From faith to gnosis

From a Christianity Today (I think) a couple of years ago:

What happens when this Christian witness wanes has been the subject of Ratzinger's extensive and uniquely insightful cultural analysis of Europe and Western civilization. The same themes that Ratzinger developed when responding to intra-Catholic debates about faith and reason, philosophy and theology, and the Church and the modern world are fully on display in his diagnosis of the ills of the West. He develops what Rowland calls a "double helix" genealogy of corruption "in which the Hellenic component of the culture was severed from the Christian and in which the Christian component was fundamentally undermined by the mutation of the doctrine of creation … . When faith in creation is lost, Christian faith is transformed into gnosis, and when faith in reason is lost, wisdom is reduced to the empirically verifiable which cannot sustain a moral framework.
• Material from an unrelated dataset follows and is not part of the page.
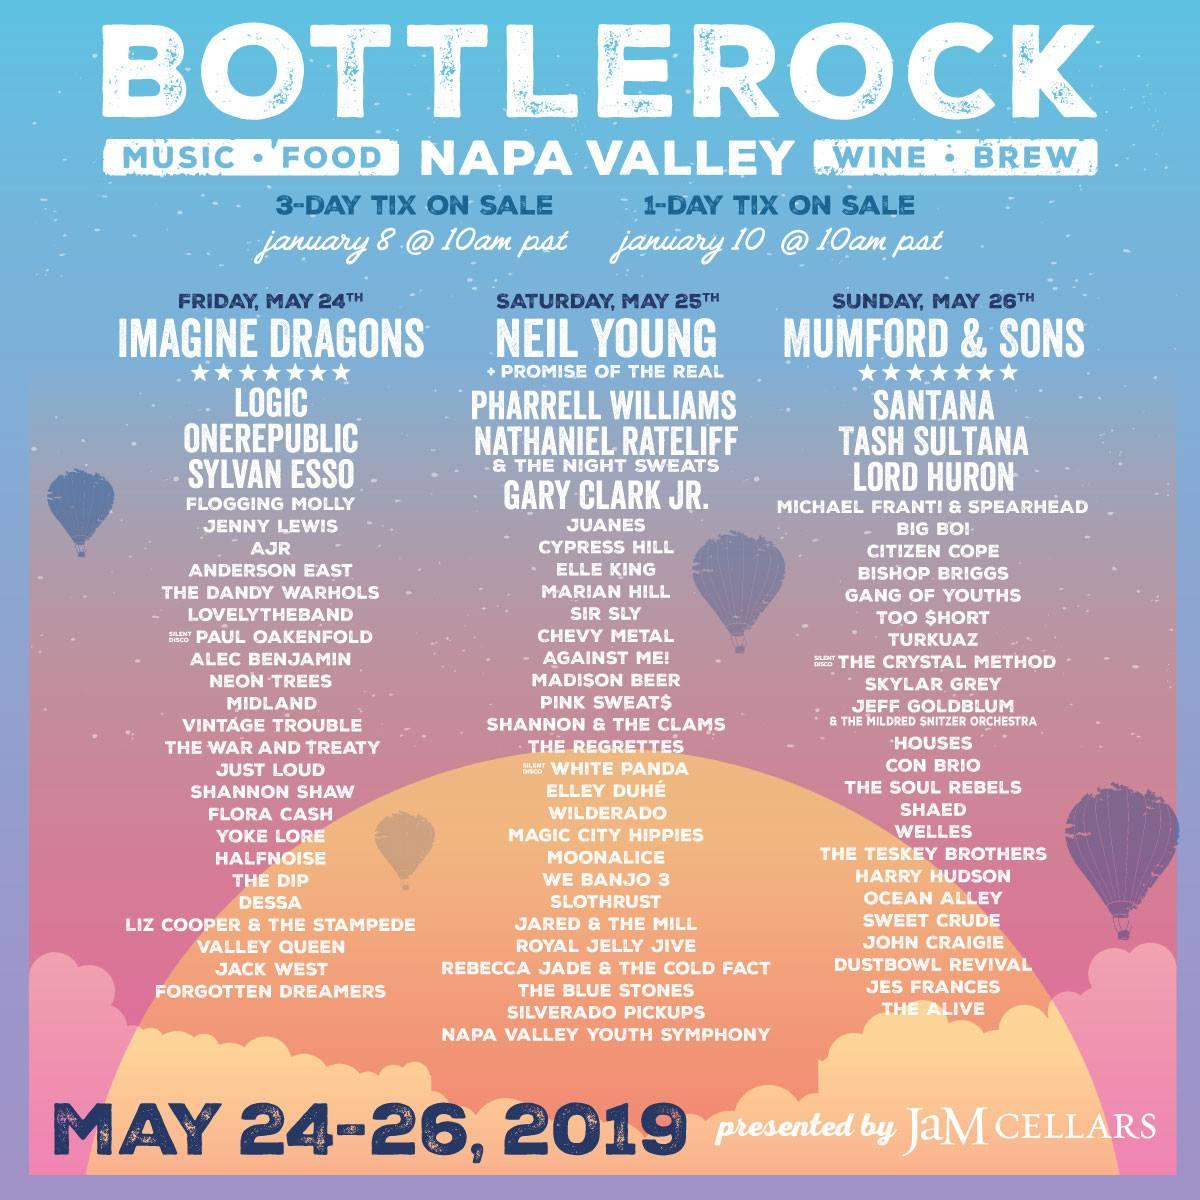 See you in May, Napa 🙌🏾 @BottleRockNapa https://t.co/pivgWtCPQZ

Because the starting point of faith is creation (Heb 11:2) and faith here is of course, not the wishful thinking that Mormons, for instance consider it, but the sure hope of God's intervention into (well, creation of, in fact) our world for relationship with him. The 'empirically verifiable' ceases to be accessible without its own faith in the correlation of our sense experience and the external world, which, if not objectively real, evaporates.

1 comment:

neil moore said...

The doctrine of Creation has certainly been mutated within the Church over the past two centuries.

First came the mutation of belief in the age of the earth in the 19th Century then in the 20th Century came the mutation of belief in the manner of Creation.

While Darwinism was presented to the world in the 19th Century it was not until the 20th Century that the Church really sucked it in.

SAD that there are so many mutant thinkers within the Church.